- Died: 6 August 1661 Dalkeith
- Cause of death: Execution
- Known for: Being accused of witchcraft

= Issobell Fergussone =

Issobell Fergussone or Isobel Ferguson (died 6 August 1661) was a Scottish woman who confessed to witchcraft in Dalkeith, Edinburgh during the year 1661.

Fergussone denied all the accusations against her and asked to be pricked, to try prove her innocence. However, whilst pricking her on 5 July 1661 they were successful in finding the "devil's mark", which led her to confess. The result of this trial led to her execution (strangled and her corpse burnt) on 6 August 1661.

== Early life ==
Not much is known about her before her trial, however she lived in Liberton Parish then moved to Newbattle, Dalkeith and was married to a man named Baxter and had a son named Robert Baxter.

== Accusations ==
The accusations made against her included verbal threats against her neighbours and son. It seems she threatened her neighbours telling them they would become poor, then their horse became ill and they were reduced to poverty. She also had a dispute with her son and told his wife that he would have a bad homecoming, on his return he fell ill and died. She was also accused of adultery and fornication.

== Trials ==
Fergussone's trial took place on 3 July 1661 and she was found guilty. Not only was she charged with witchcraft, she had other charges of adultery and fornication due to a meeting with the devil she described whilst under questioning.

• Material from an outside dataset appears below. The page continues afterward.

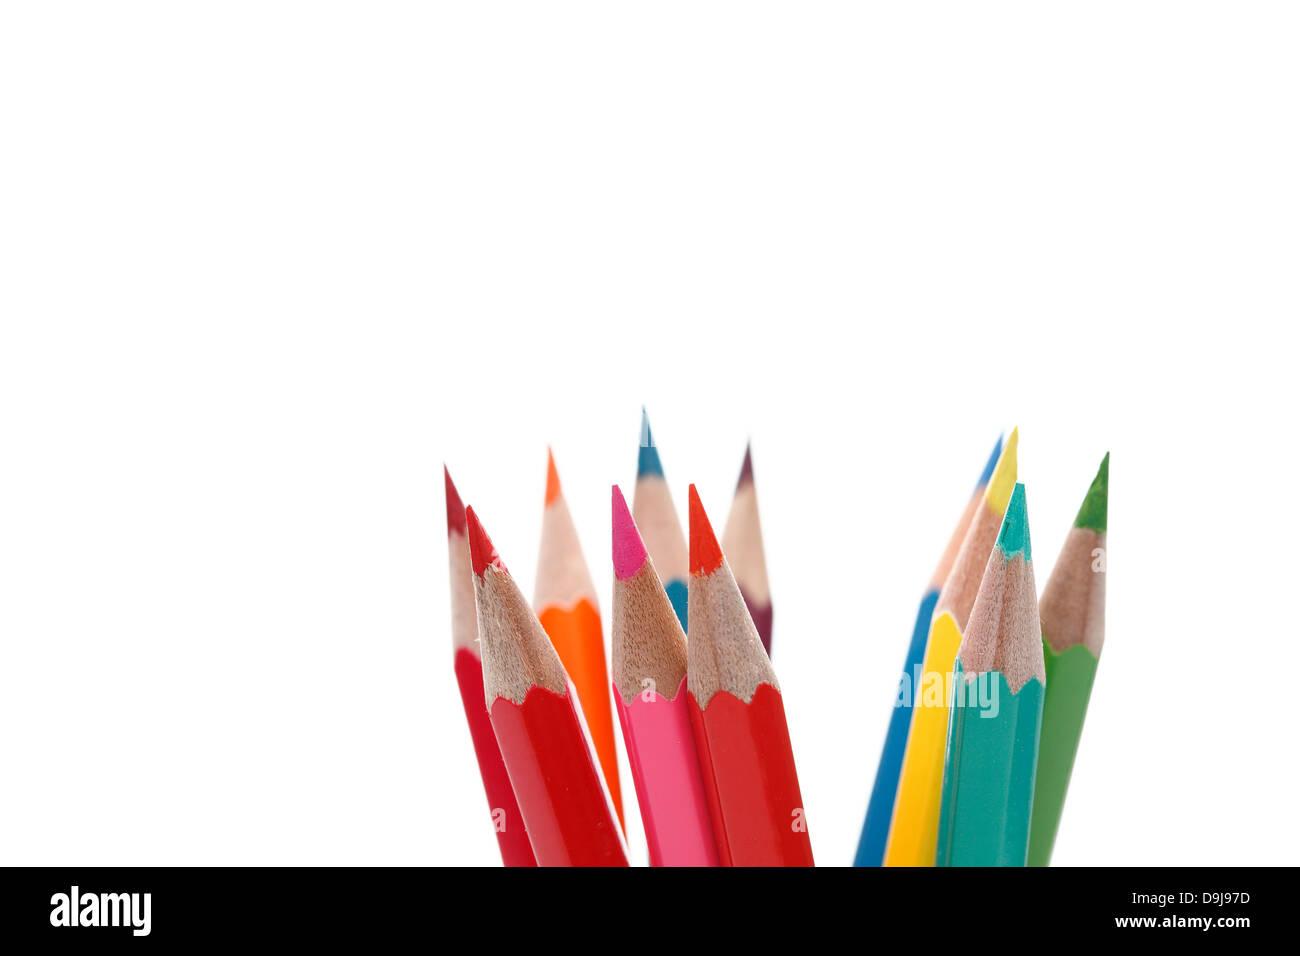 A Colored pencil. - Stock Image
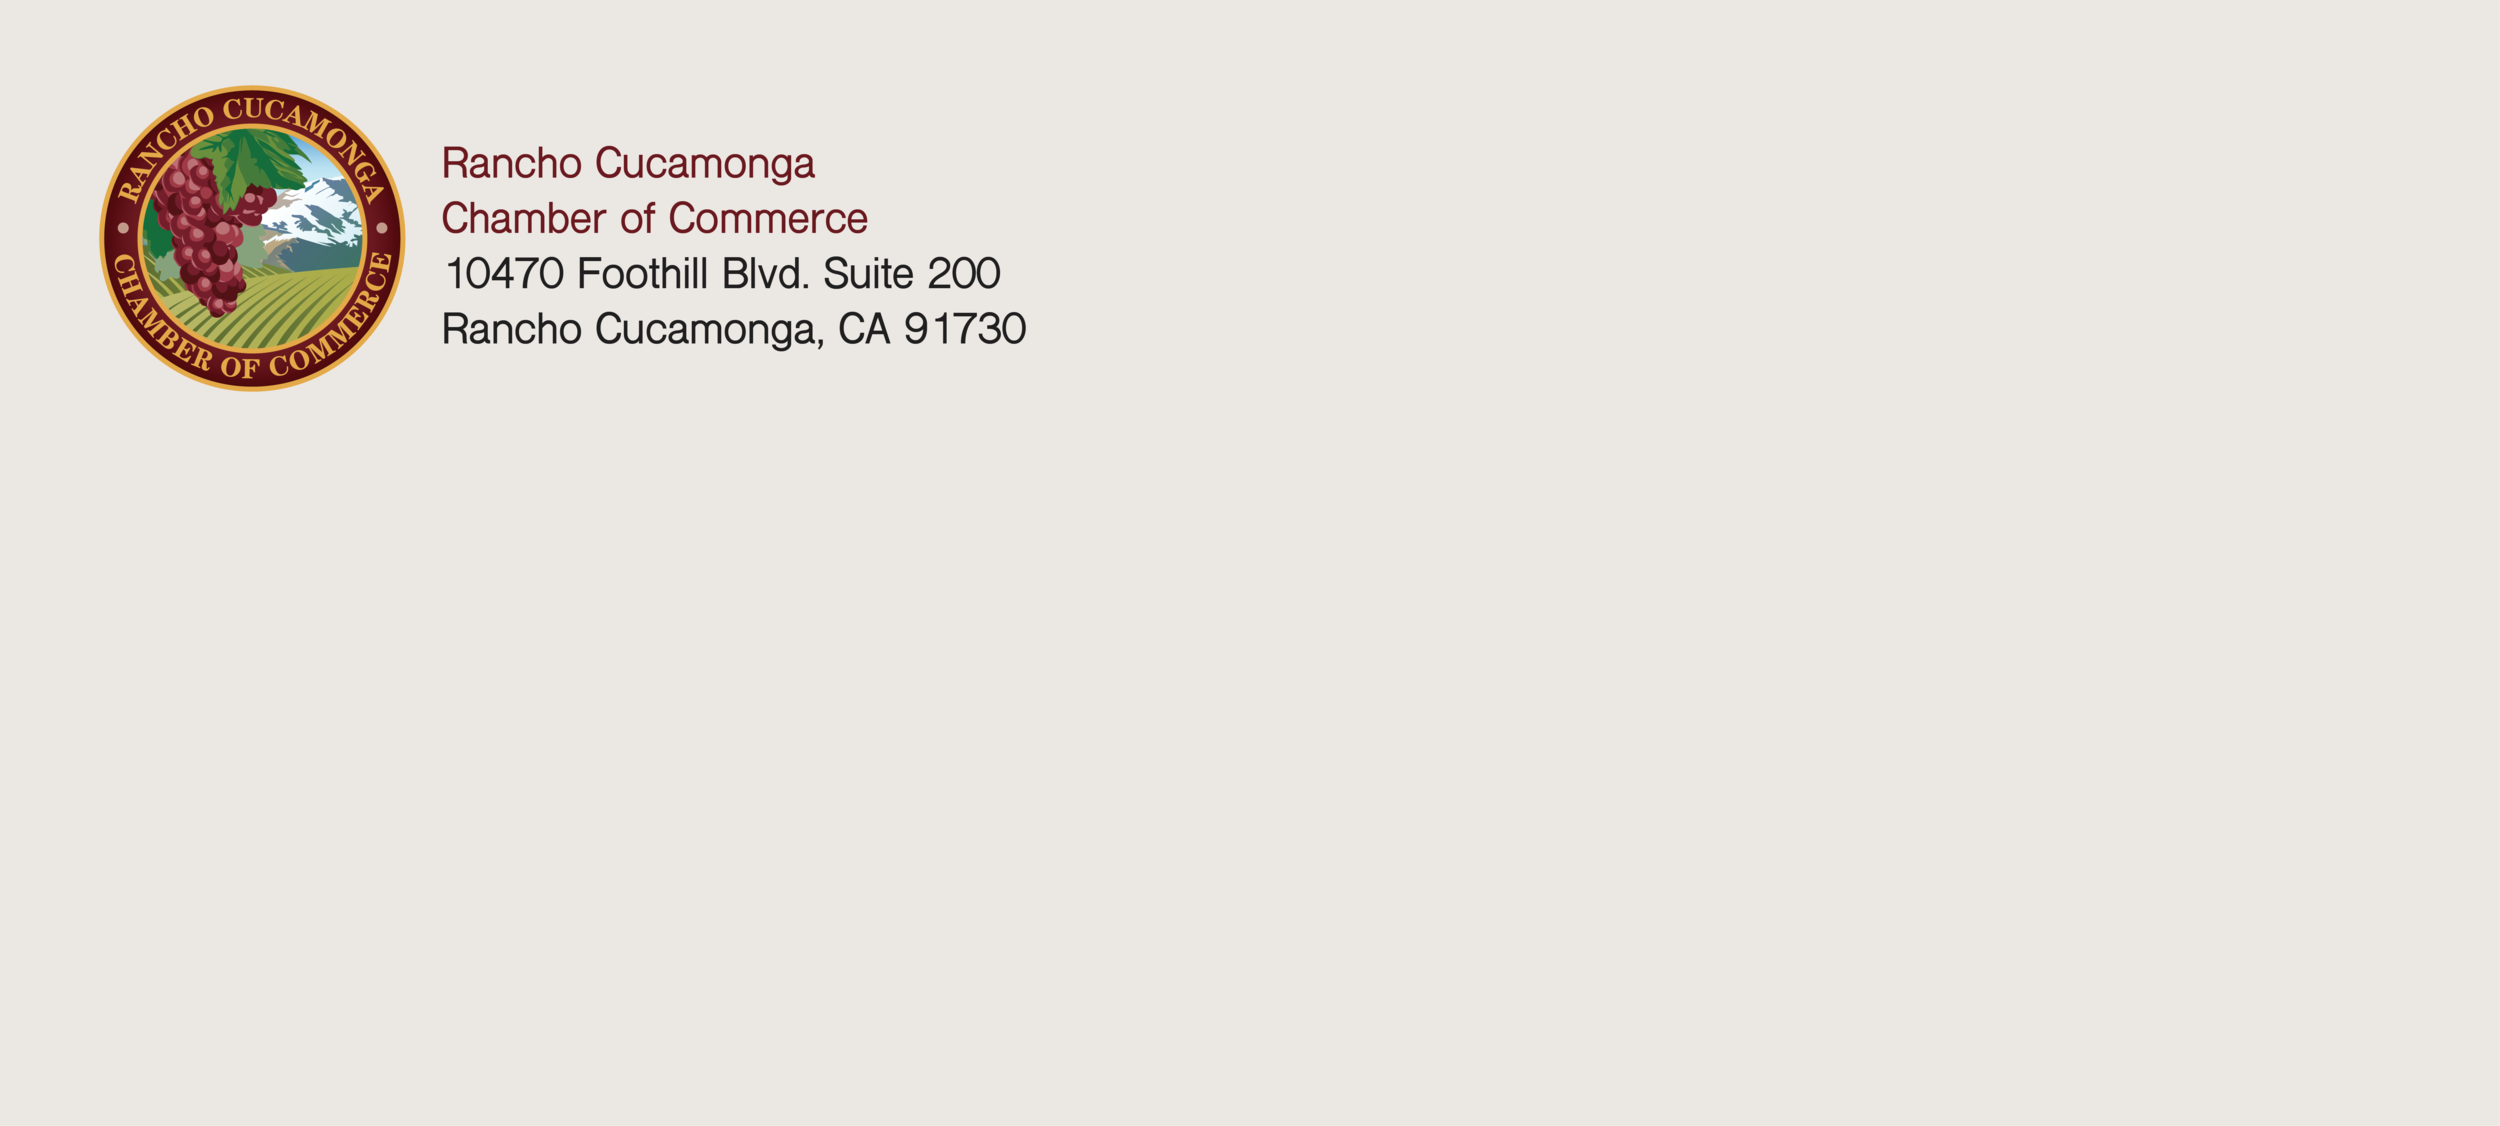 Rancho Cucamonga Chamber of Commerce Envelope

She described the devil as a man named William Twedie, in a black gown who gave her a pair of black gloves. She denied that the devil laid with her. There was 2 William Twedies known to her, her landlord and his half brother. This caused some confusion. She confessed to having an affair with the half brother who later fled. She was believed to have met the devil at either her or William Tweedie's home (between Skloutford and Liberton Road), at her farm yard, or near the bridge at the bank of John Ballingtyne's shore. William Tweedie was always present at her meetings with the devil.